Tableaux and orbit harmonics quotients for finite transformation monoids

TL;DR

This paper generalizes tableau constructions for irreducible representations of transformation monoids, introducing a functor linking matrix representations to monoid representations, and describes graded module structures of orbit harmonics quotients.

Contribution

It extends existing tableau methods to a broader class of monoids, introduces a new functor between representation categories, and provides new graded module descriptions.

Findings

Established characteristic-free tableau constructions for monoids.

Introduced a functor from matrix to monoid representations.

Described graded module structures of orbit harmonics quotients.

Abstract

We extend Grood's tableau construction of irreducible representations of the rook monoid and Steinberg's analogous result for the full transformation monoid. Our approach is characteristic-free and applies to any submonoid $\mathcal{M}(n)$ of the partial transformation monoid on an $n$-element set that contains the symmetric group.
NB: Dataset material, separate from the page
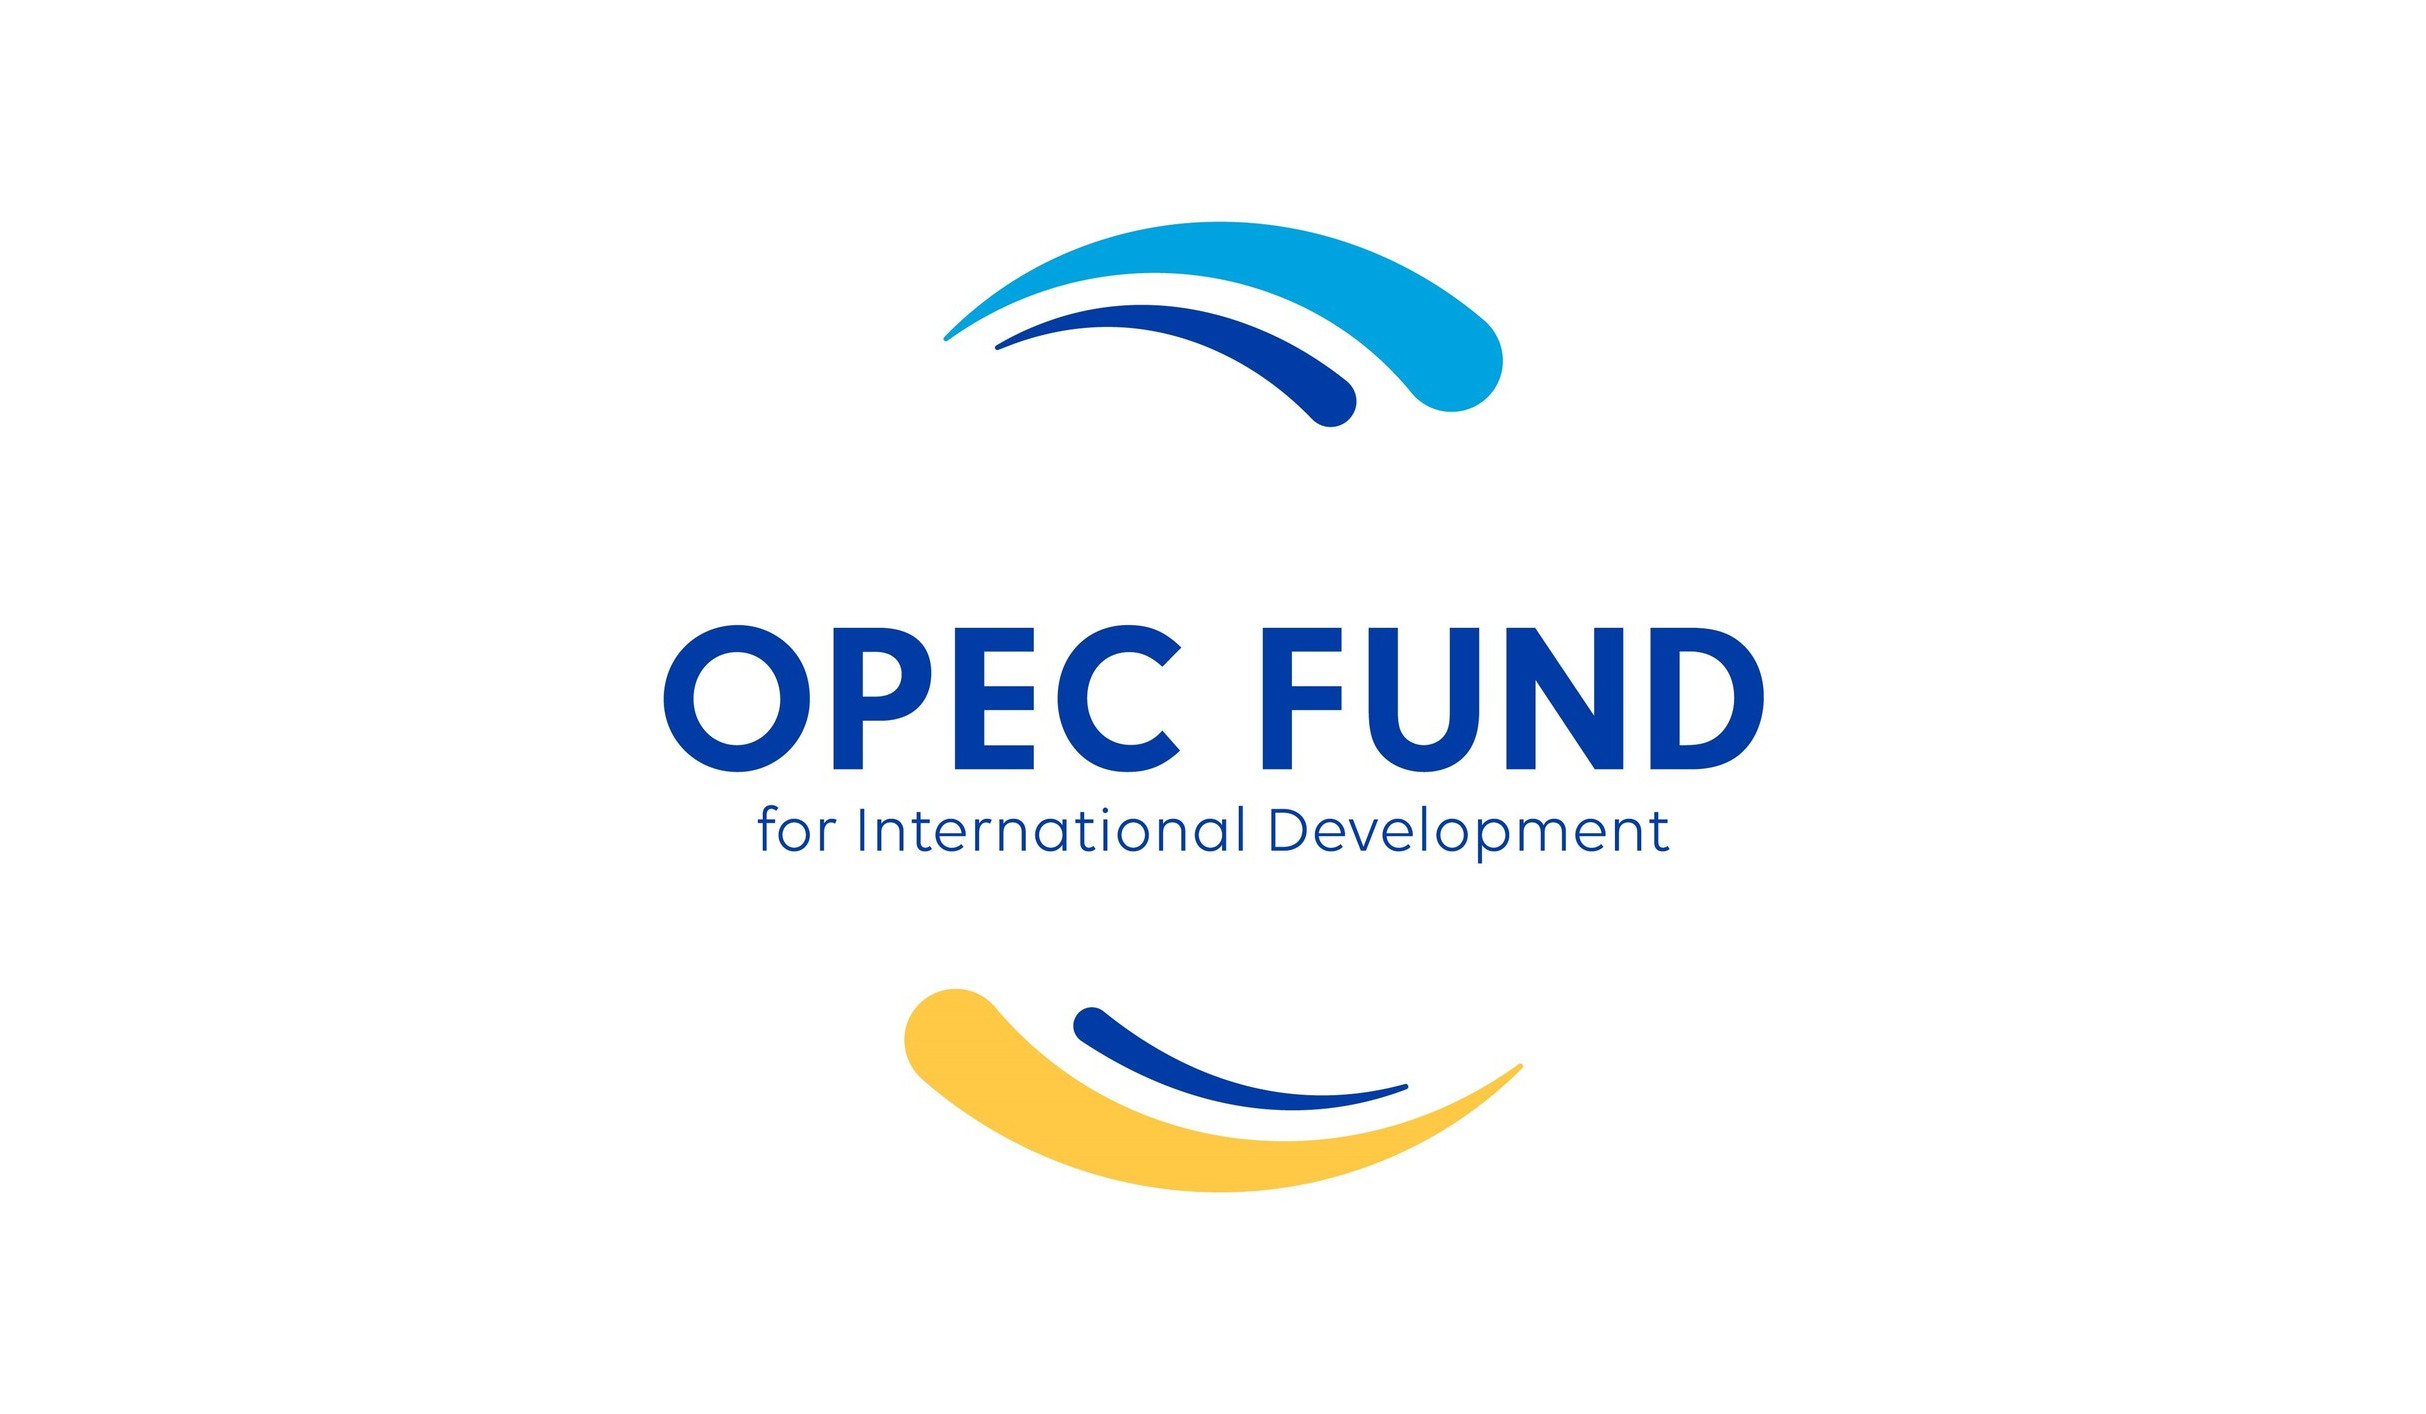 OPEC-ի Միջազգային զարգացման հիմնադրամը Հայաստանին 50 միլիոն եվրո վարկ կհատկացնի կլիմայական քաղաքականության բարեփոխումների համար

To achieve this, we introduce and study a functor from the category of rational representations of the monoid of $n \times n$ matrices to the category of finite dimensional representations of $\mathcal{M}(n)$. We establish two branching rules. Our main results describe graded module structures of orbit harmonics quotients for the rook, partial transformation, and full transformation monoids. This yields analogs of the Cauchy decomposition for polynomial rings in $n\times n$ variables.